The MDRP is a federal program established in 1990 that requires pharmaceutical manufacturers to pay rebates to Medicaid for every prescription drug they sell through the program. For generic drugs, the rebate is typically 13% of the Average Manufacturer Price or the difference between the AMP and the best price offered to any purchaser, whichever is greater.
How do Maximum Allowable Cost (MAC) lists work?

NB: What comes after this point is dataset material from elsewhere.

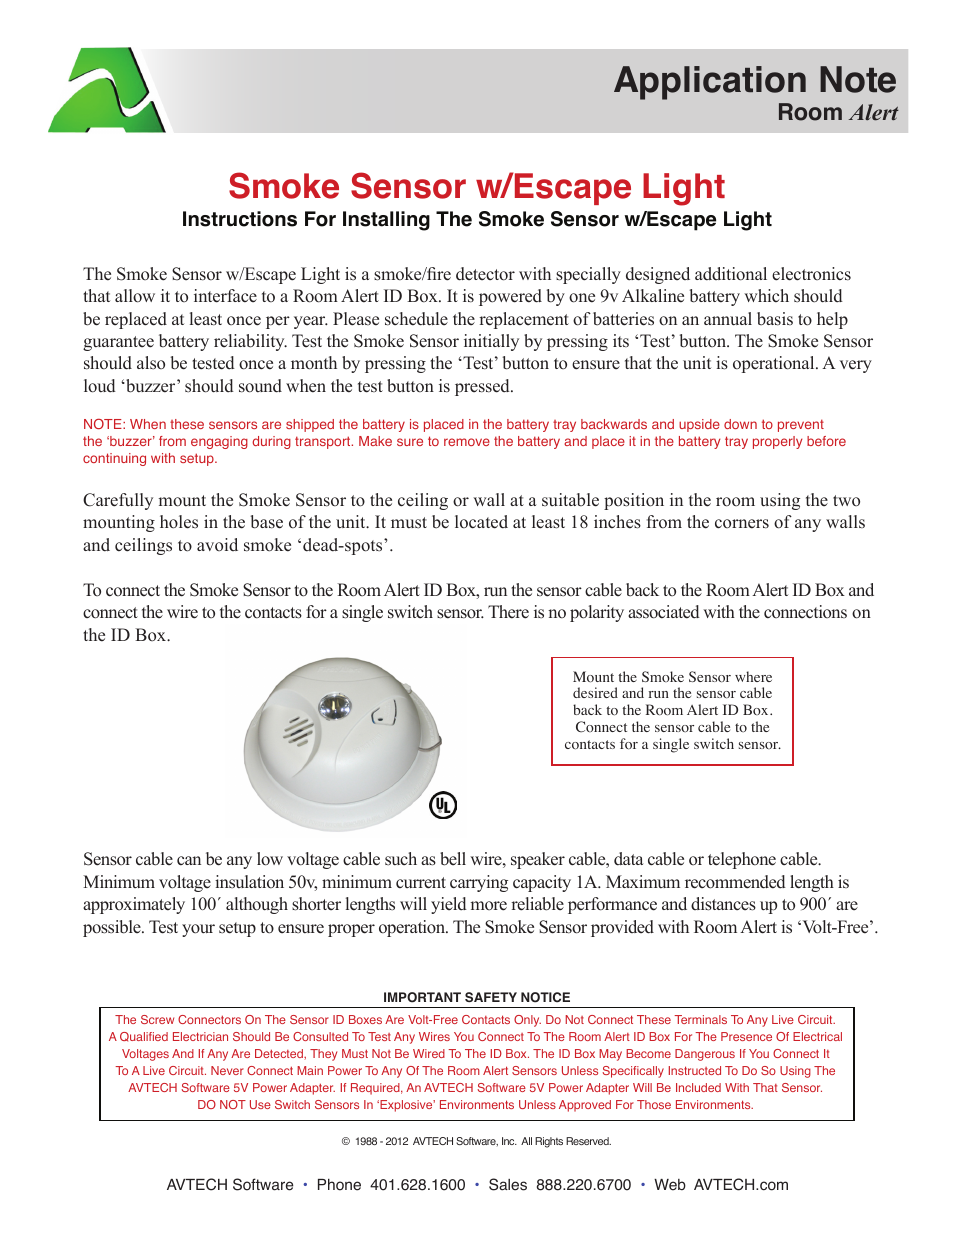 Smoke Sensor w_Escape Light (RMA-SS1-SEN)
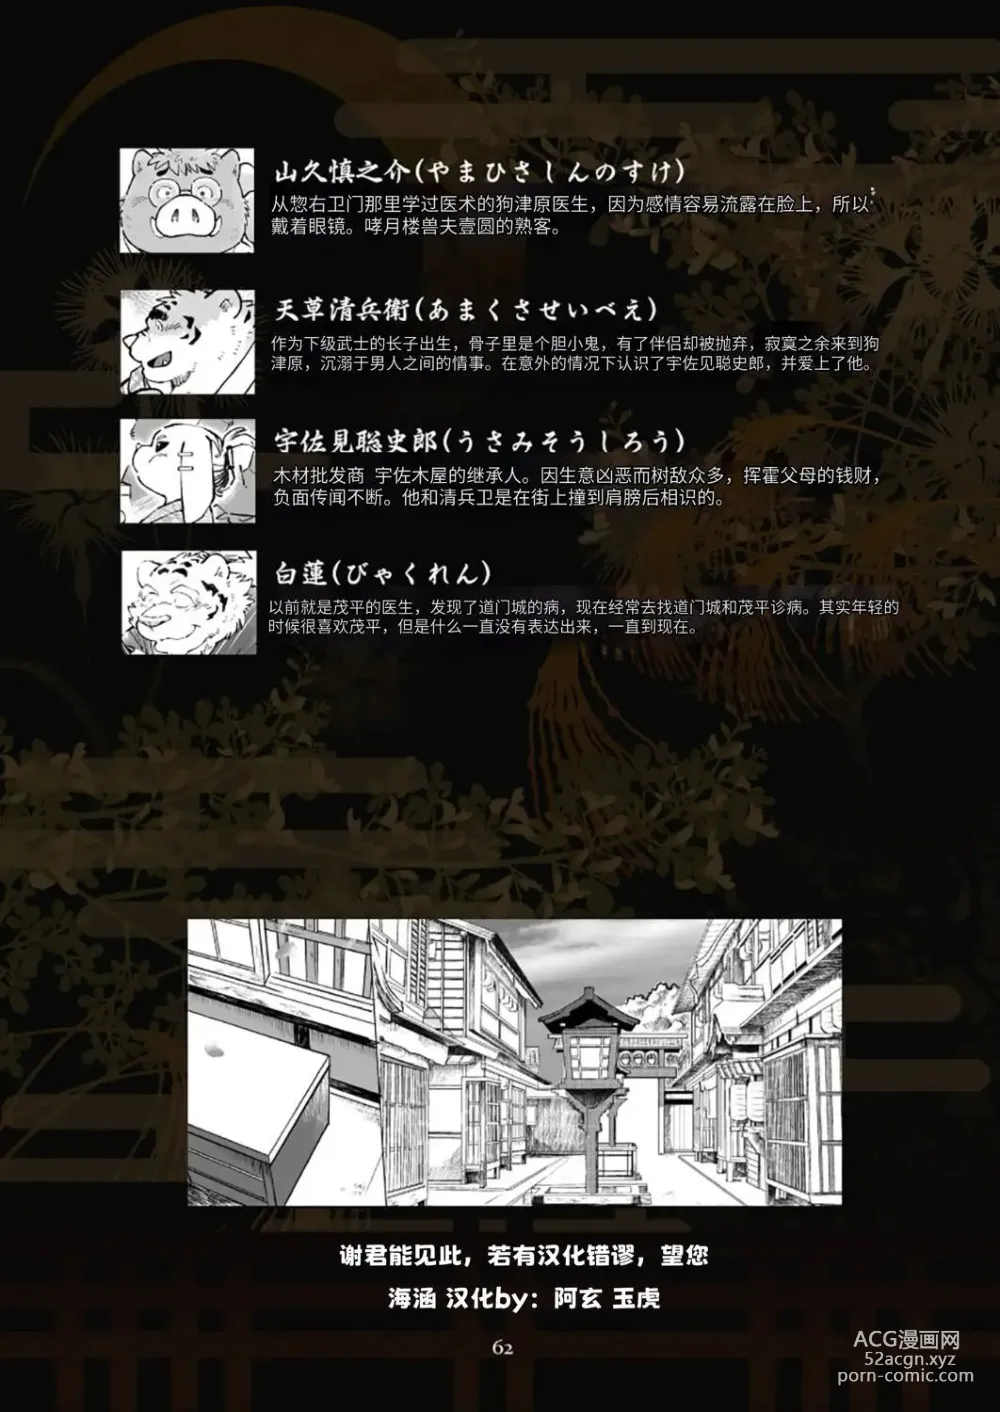 Page 62 of doujinshi 狗津原细见

MAC lists set a maximum reimbursement rate that a state Medicaid program will pay for a specific generic drug. Pharmacies are reimbursed based on this capped amount rather than their actual wholesale acquisition cost. States update these lists regularly to reflect market prices, aiming to prevent overpayment while ensuring pharmacies remain profitable enough to stock the medication.
Why are generic drug shortages a concern for Medicaid?
Generic drugs make up the vast majority of prescriptions in Medicaid. When aggressive cost controls or market consolidation lead to shortages, patients lose access to essential medications. Shortages can last for months, forcing patients to switch to more expensive alternatives or go without treatment, which ultimately increases long-term healthcare costs and risks patient safety.
What is a Prescription Drug Affordability Board (PDAB)?
A PDAB is a state-level entity created to monitor and regulate drug prices. By 2024, nine states had established these boards. They investigate price increases, particularly for generic and off-patent drugs, and can impose penalties on manufacturers for unjustified price hikes or establish upper payment limits to curb costs.
Do states have flexibility to negotiate generic drug prices directly?
Direct negotiation for generic rebates is limited due to the federal statutory structure of the MDRP. However, states use indirect methods like MAC lists, preferred drug lists, and therapeutic interchange policies to influence net costs. Some states are also exploring multi-state purchasing pools to gain leverage in negotiating supplemental rebates for high-volume generics.